According to U.S Treasury Spokeswomen beginning today, The U.S Treasury will not permit any dollar debt payments made from Russian government accounts to U.S financial institutions. If Russia cannot make due on their sovereign debt obligations, this would constitute a technical default.
Russia, despite sanctions, so far has been able to pay coupons for its $40 billion in international bonds. Wile Russia has the ability to pay their debt, the United States government is forcing a default.
This would be Russia's first default in nearly two and half decades. Foreign defaults usually lead creditors to seize some physical assets from the defaulting country. In the case of Russia, who is already facing historic sanctions, may not have many more physical assets for creditors to seize outside of the country. The fact that they are a huge energy producer for Europe also poses some interesting dynamics.

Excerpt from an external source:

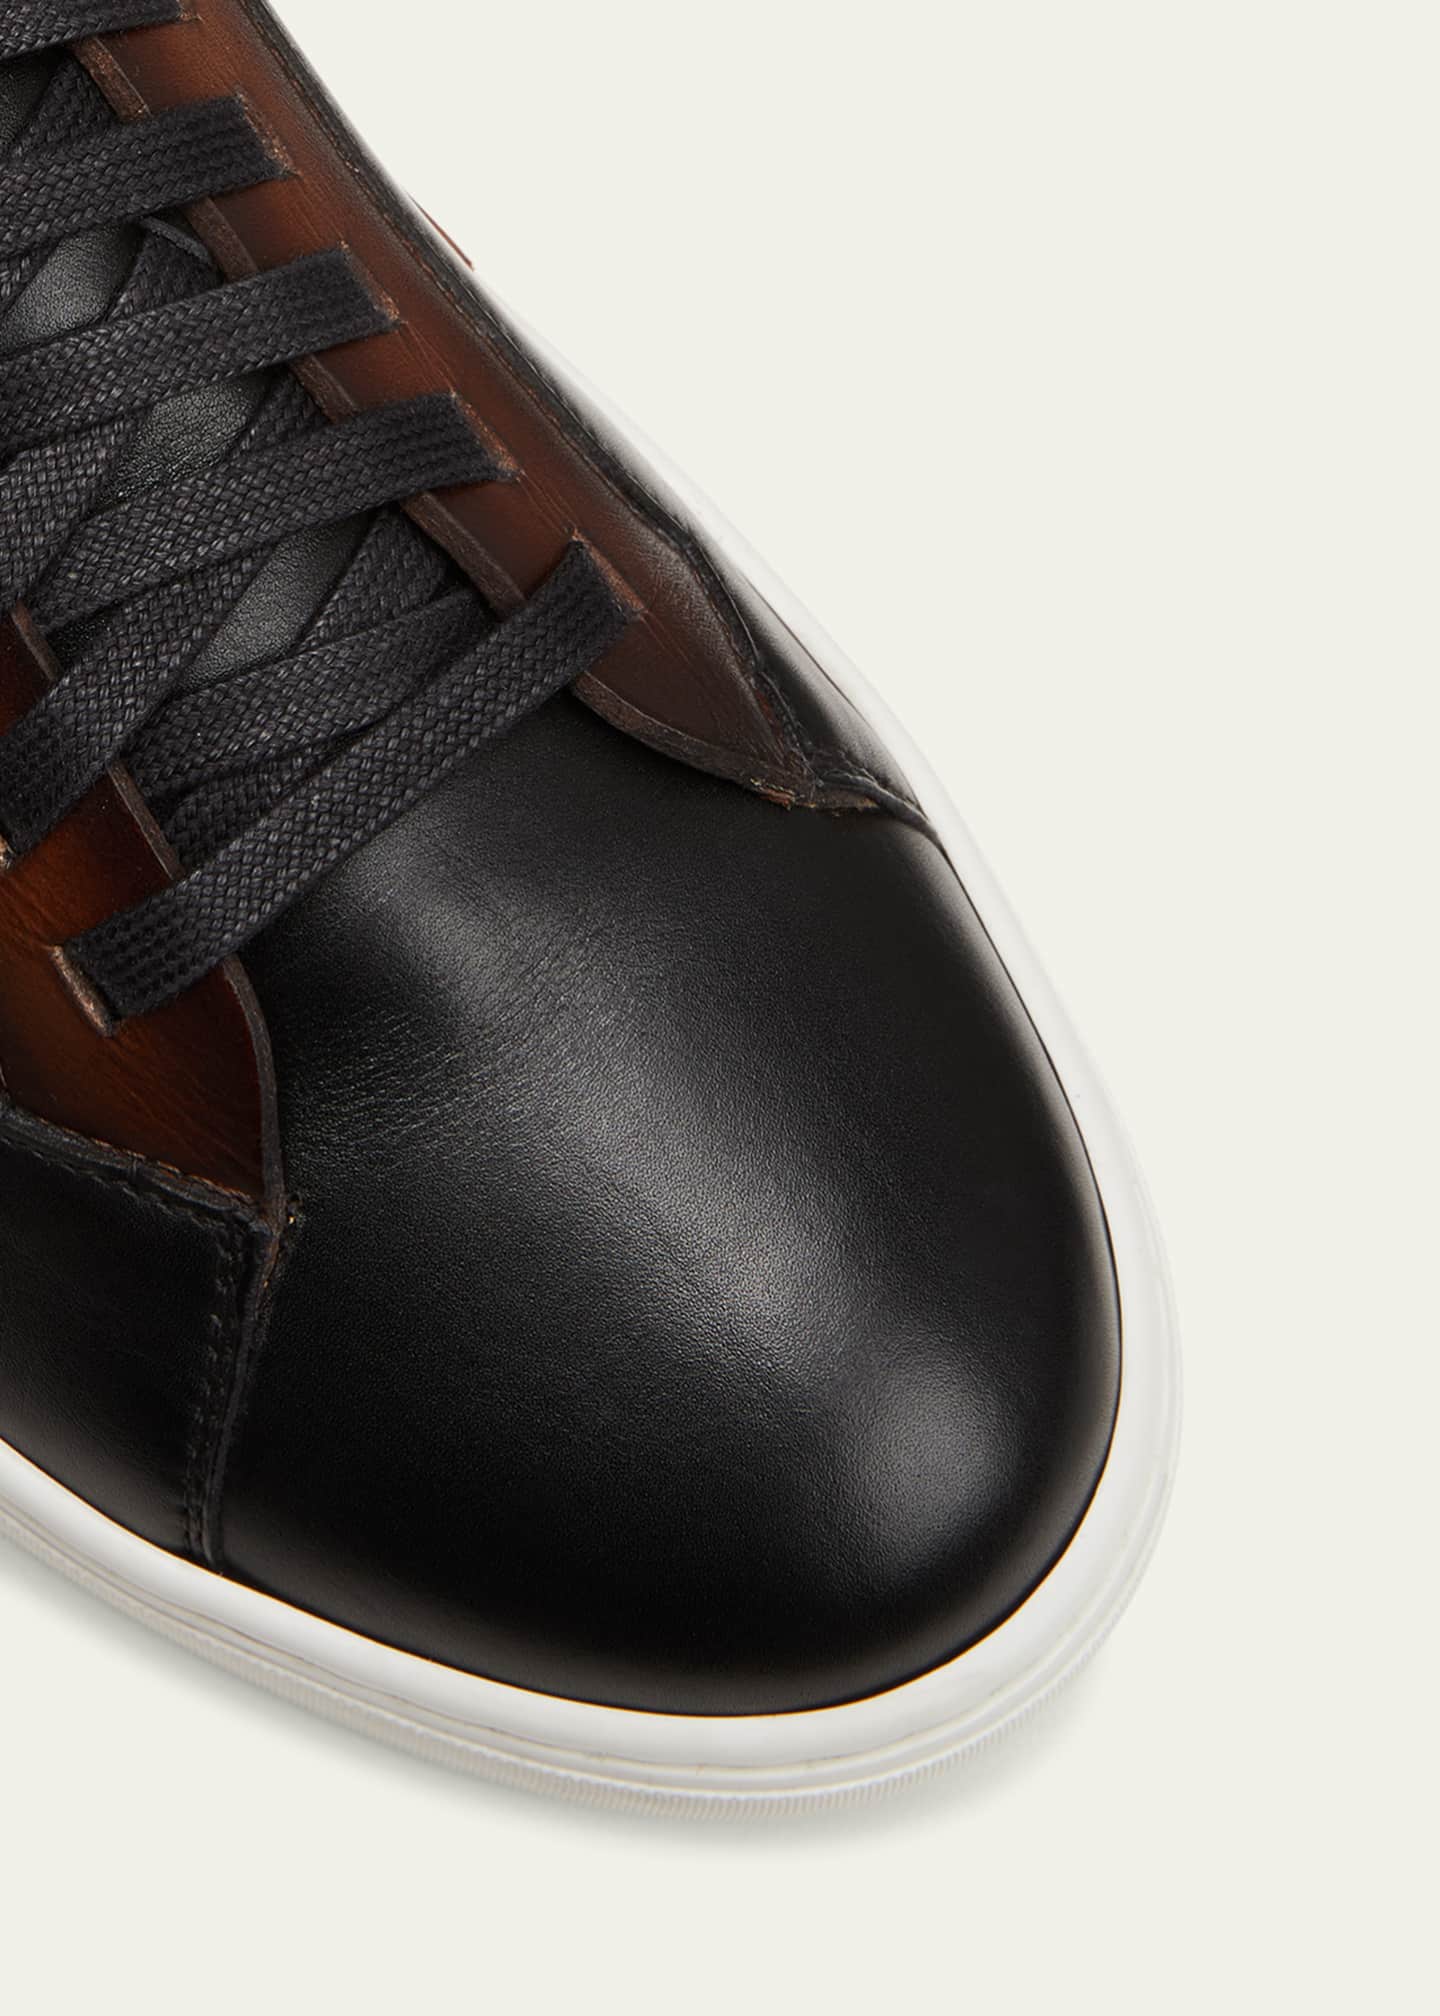 Magnanni Men's Amadeo Bicolor Leather Low-Top Sneakers - Bergdorf Goodman

Some countries have self-imposed rules to not conduct trade with countries that have defaulted on their debt. It is unclear if this technical default would change anything for energy-starved Europe in deals for Russian oil/gas.
On the Russian front, their credit ratings would tank from this default and make future borrowing rates sky-rocket (if they have plans on re-entering global capital markets). This also extends to Russian companies. The contagion effect of a technical default is still uncertain.
As we've noted before, The United States forcing sanctions and now a default when Russia is willing to pay may create more reasons for other countries to exit dollar-based assets and liabilities, thus pushing them towards other currencies. Countries looking to diversify their reserves may be wise to stock up on non-sovereign, trust-minimized, censorship-resistant assets.